◆ **Work to complete**
The copy should hold exactly the lines below from the one that contains "Hướng dẫn kết" through the one that contains "Free Shipping |ID:crp329100000011137" and nothing else, so no pictures.

◆ **Data for this task**
※

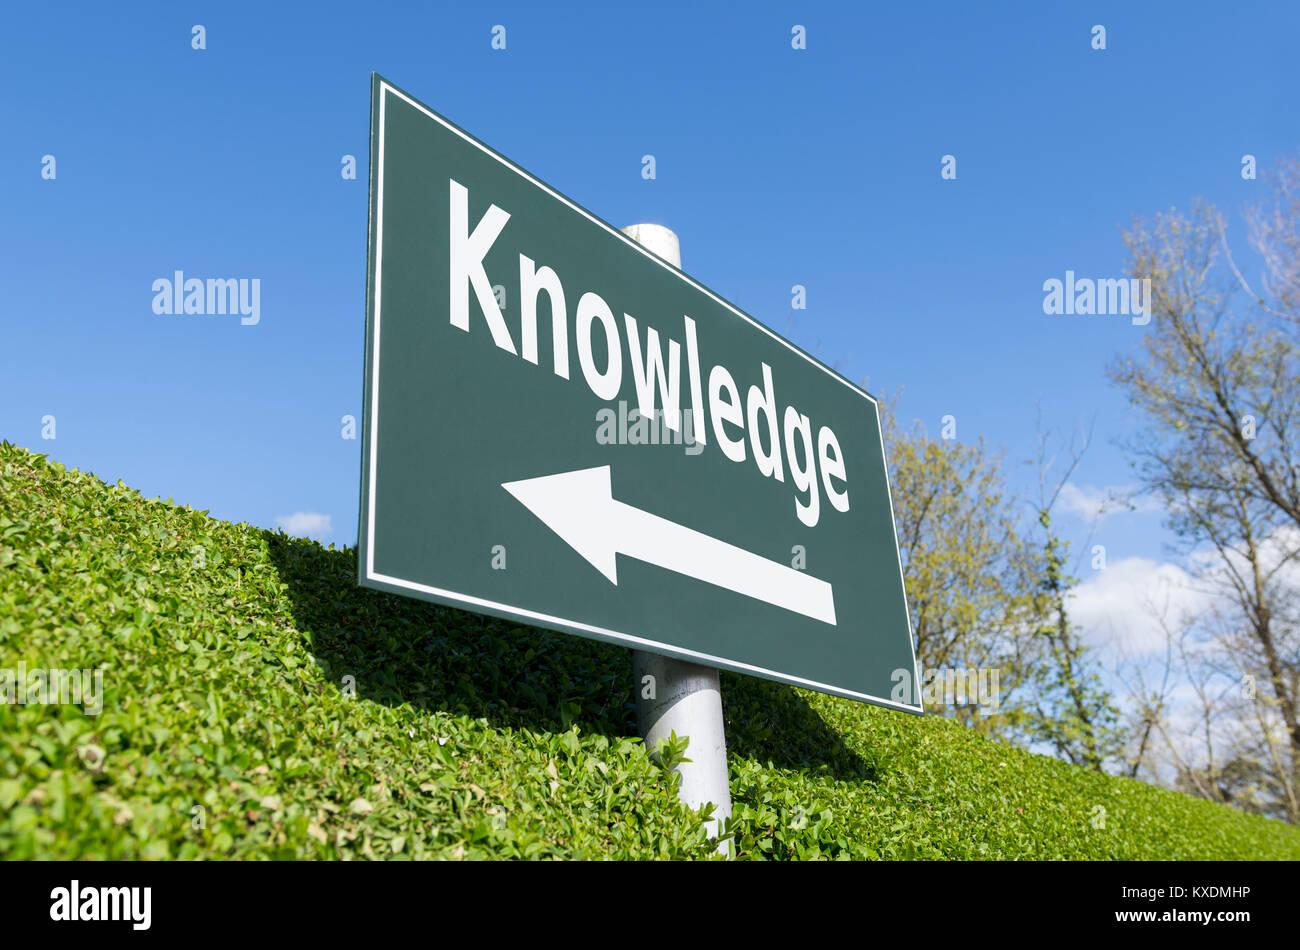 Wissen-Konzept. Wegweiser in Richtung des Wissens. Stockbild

※

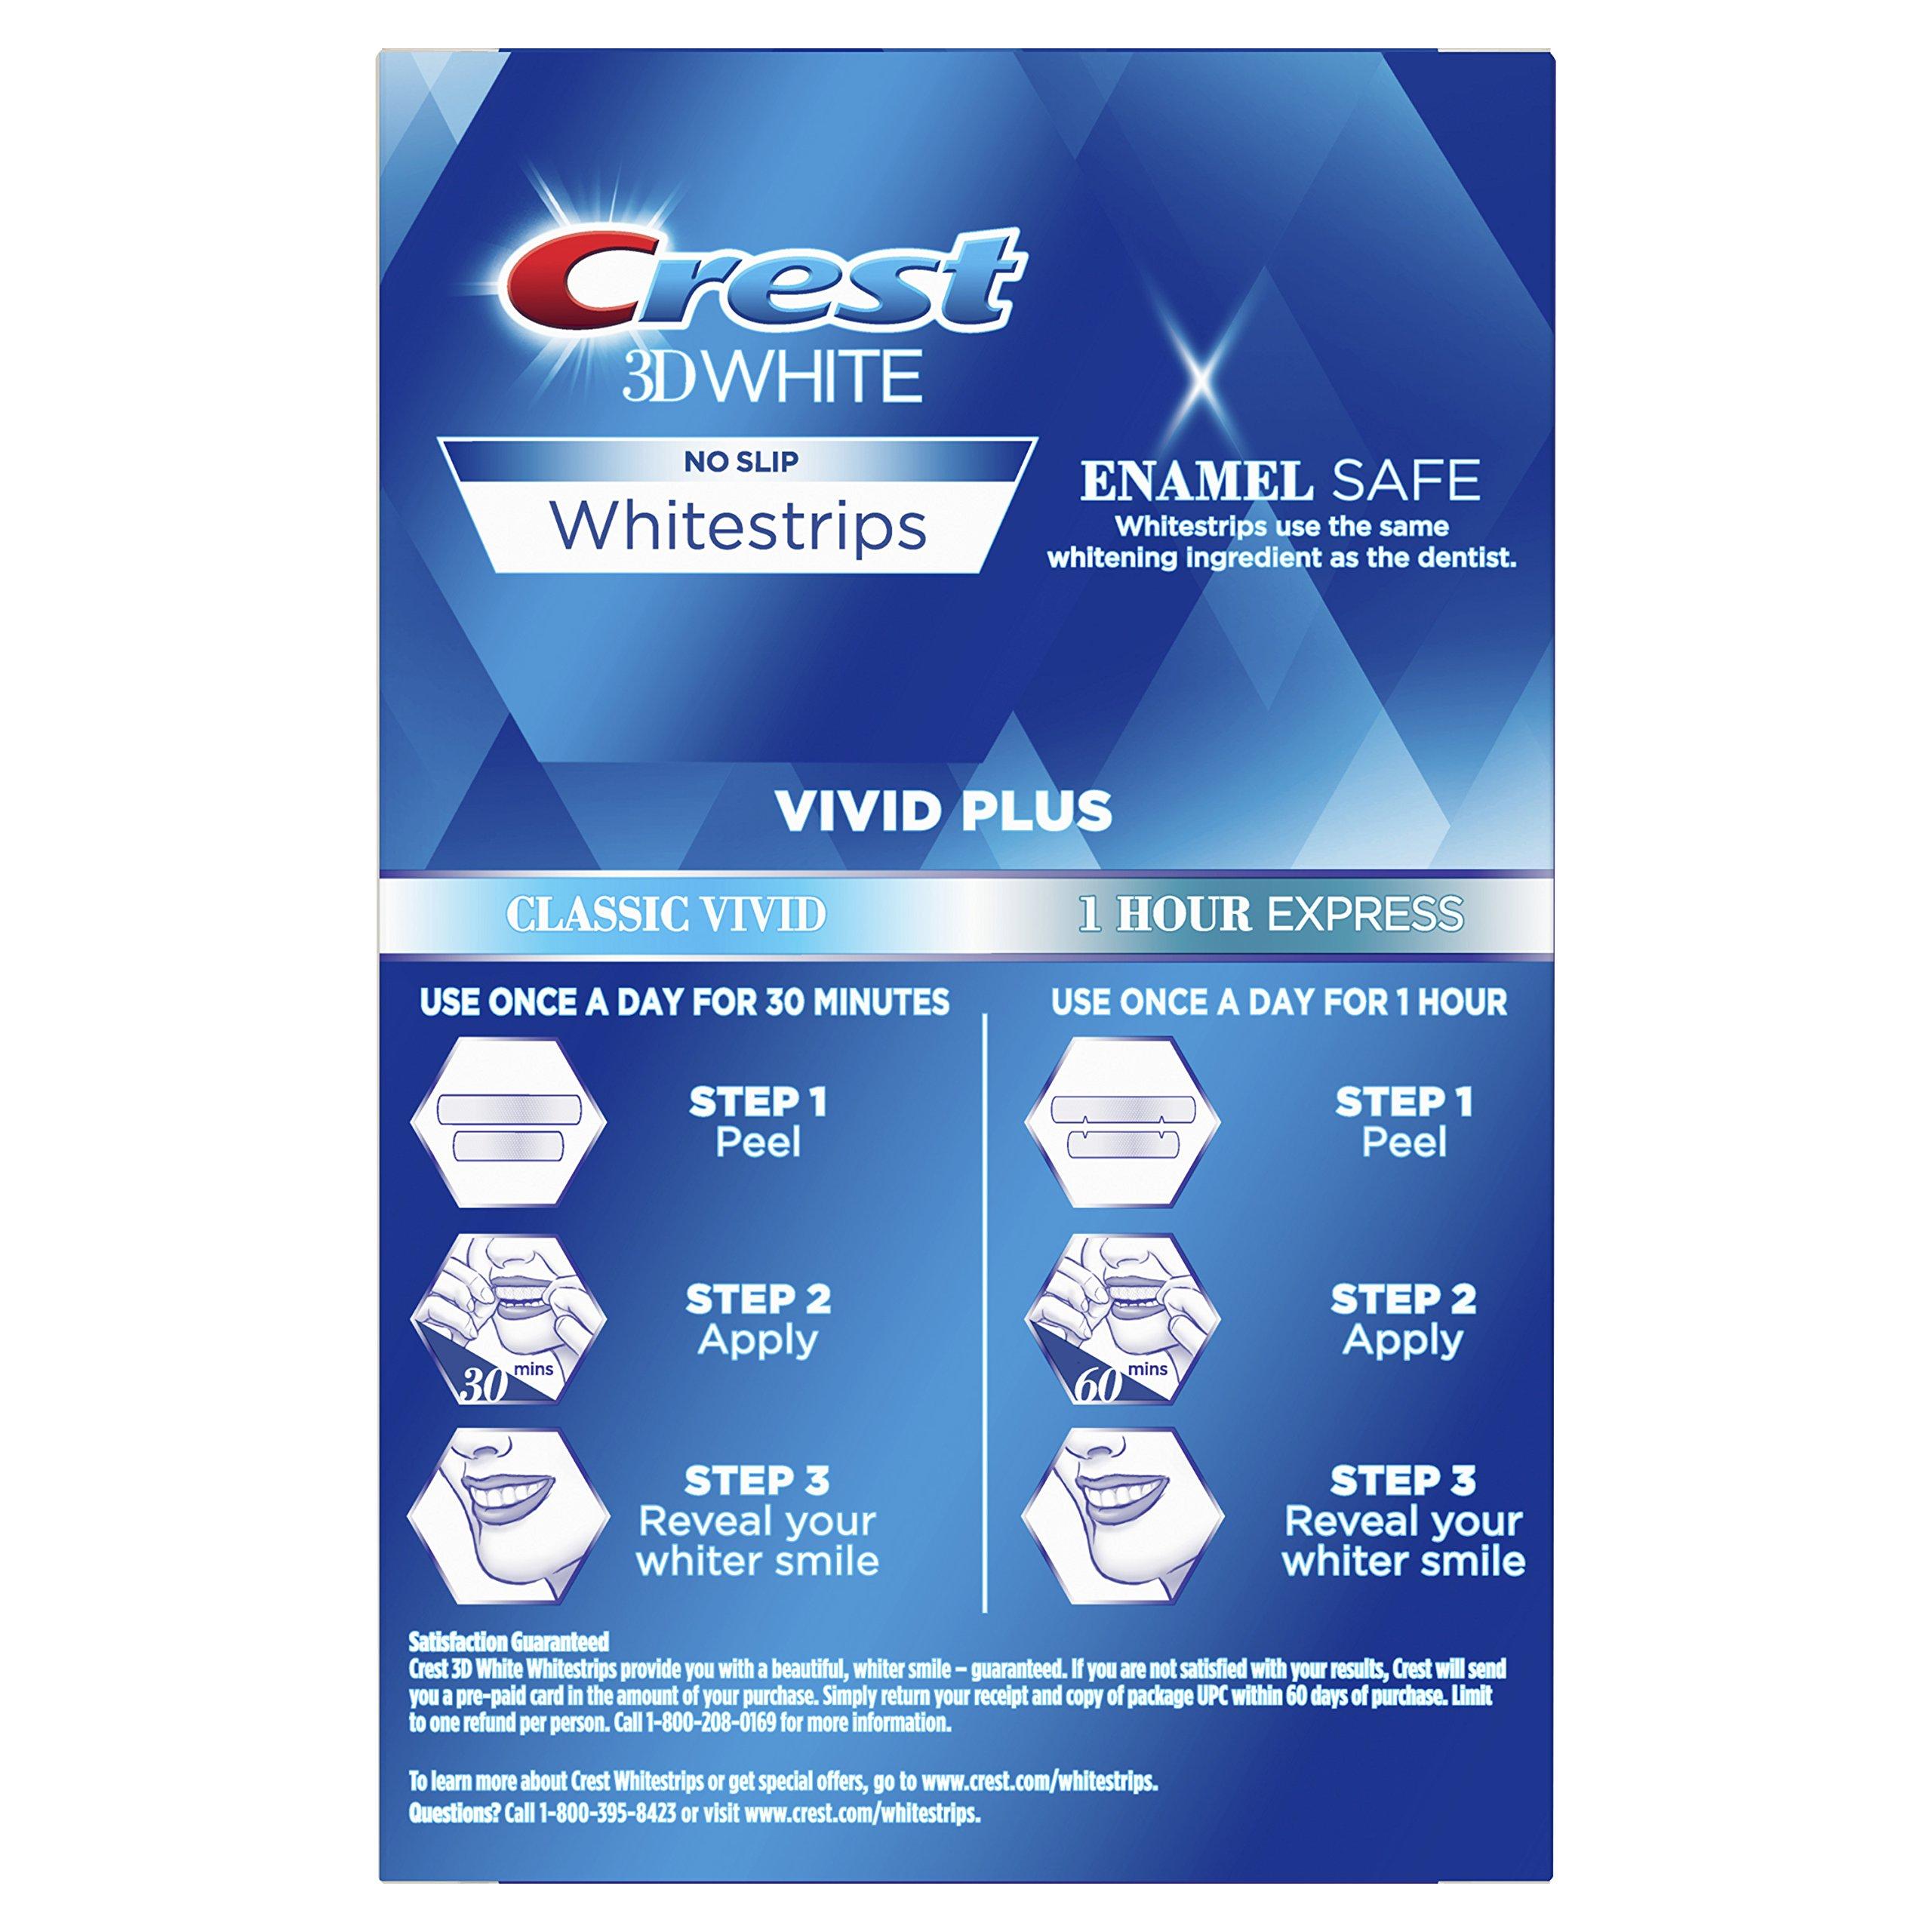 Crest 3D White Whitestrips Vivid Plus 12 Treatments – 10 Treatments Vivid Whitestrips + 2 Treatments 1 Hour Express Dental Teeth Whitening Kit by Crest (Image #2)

※

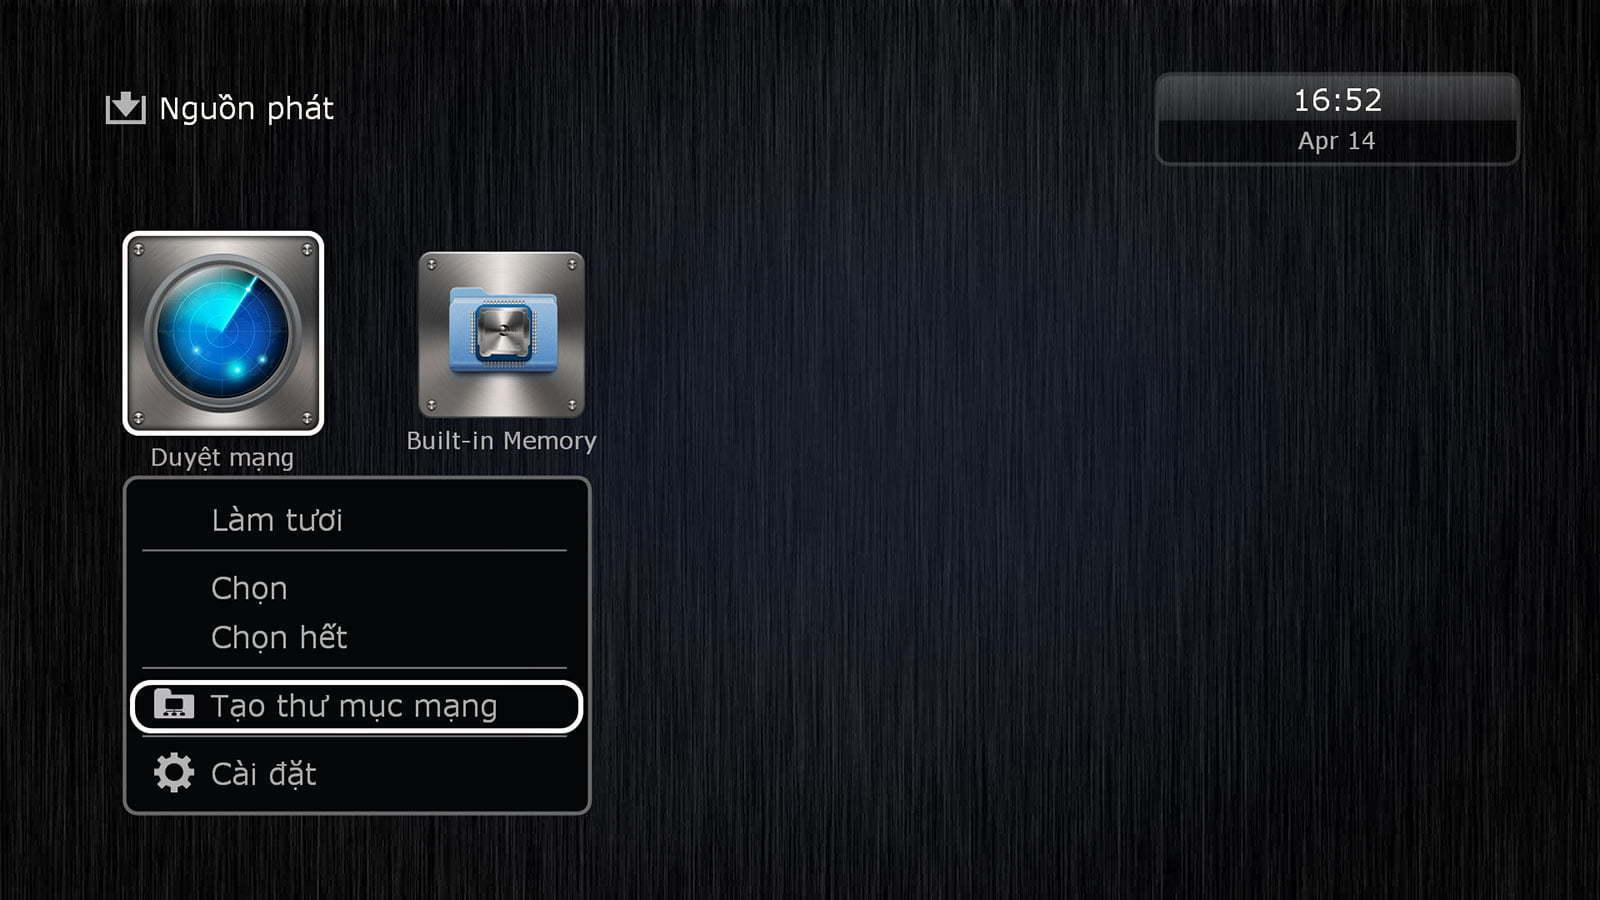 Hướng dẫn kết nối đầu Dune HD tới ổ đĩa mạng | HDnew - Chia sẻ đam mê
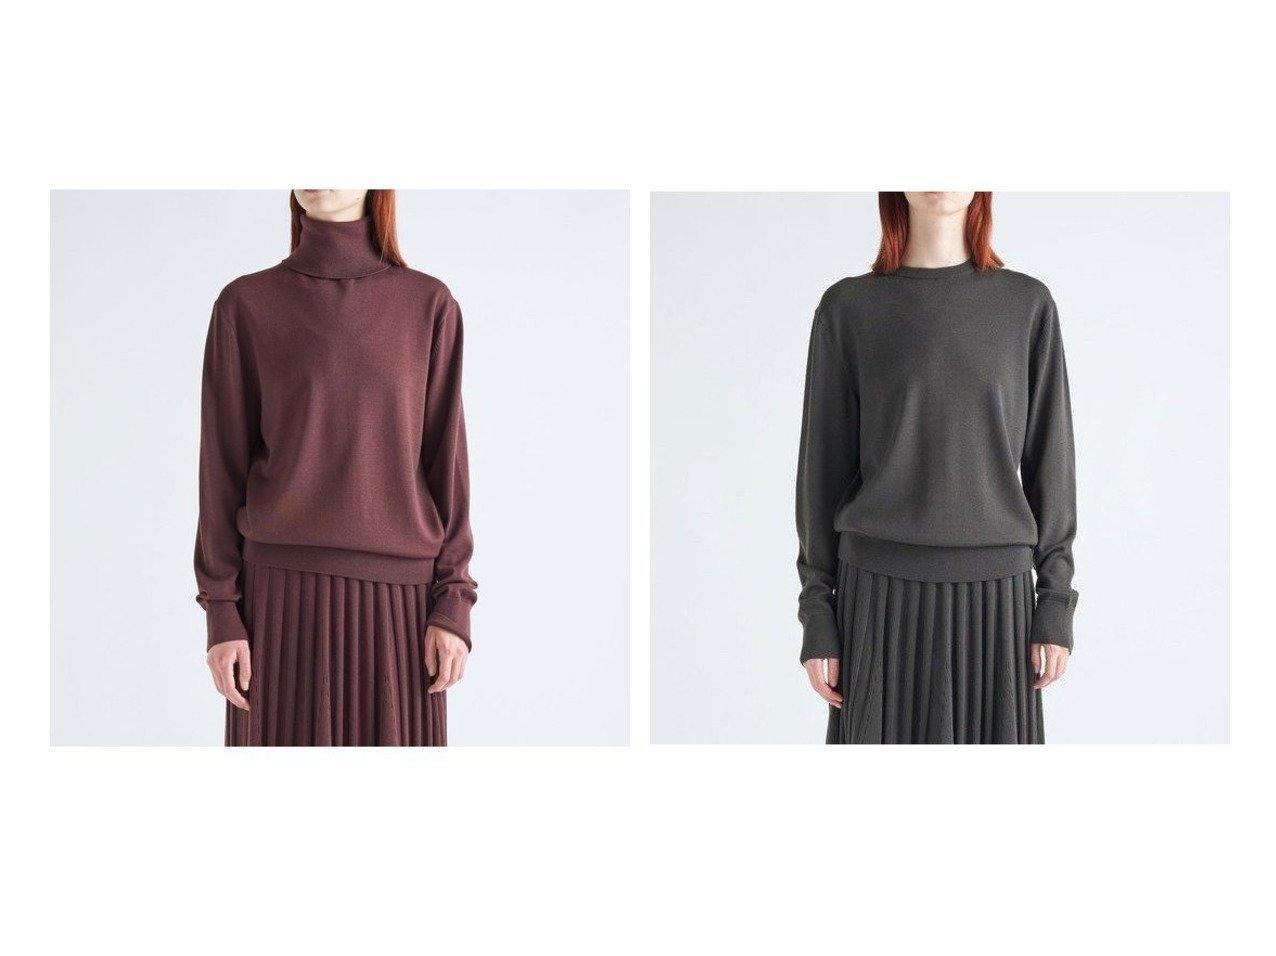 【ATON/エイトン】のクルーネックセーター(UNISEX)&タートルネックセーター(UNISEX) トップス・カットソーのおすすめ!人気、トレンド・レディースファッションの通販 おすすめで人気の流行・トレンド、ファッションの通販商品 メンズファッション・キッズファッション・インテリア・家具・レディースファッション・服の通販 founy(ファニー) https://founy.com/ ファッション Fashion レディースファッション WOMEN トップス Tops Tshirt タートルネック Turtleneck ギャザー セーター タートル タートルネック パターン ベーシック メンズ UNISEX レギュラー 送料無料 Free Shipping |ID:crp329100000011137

※

◆ **Answer to this task**
 Hướng dẫn kết nối đầu Dune HD tới ổ đĩa mạng | HDnew - Chia sẻ đam mê
 【ATON/エイトン】のクルーネックセーター(UNISEX)&タートルネックセーター(UNISEX) トップス・カットソーのおすすめ!人気、トレンド・レディースファッションの通販 おすすめで人気の流行・トレンド、ファッションの通販商品 メンズファッション・キッズファッション・インテリア・家具・レディースファッション・服の通販 founy(ファニー) https://founy.com/ ファッション Fashion レディースファッション WOMEN トップス Tops Tshirt タートルネック Turtleneck ギャザー セーター タートル タートルネック パターン ベーシック メンズ UNISEX レギュラー 送料無料 Free Shipping |ID:crp329100000011137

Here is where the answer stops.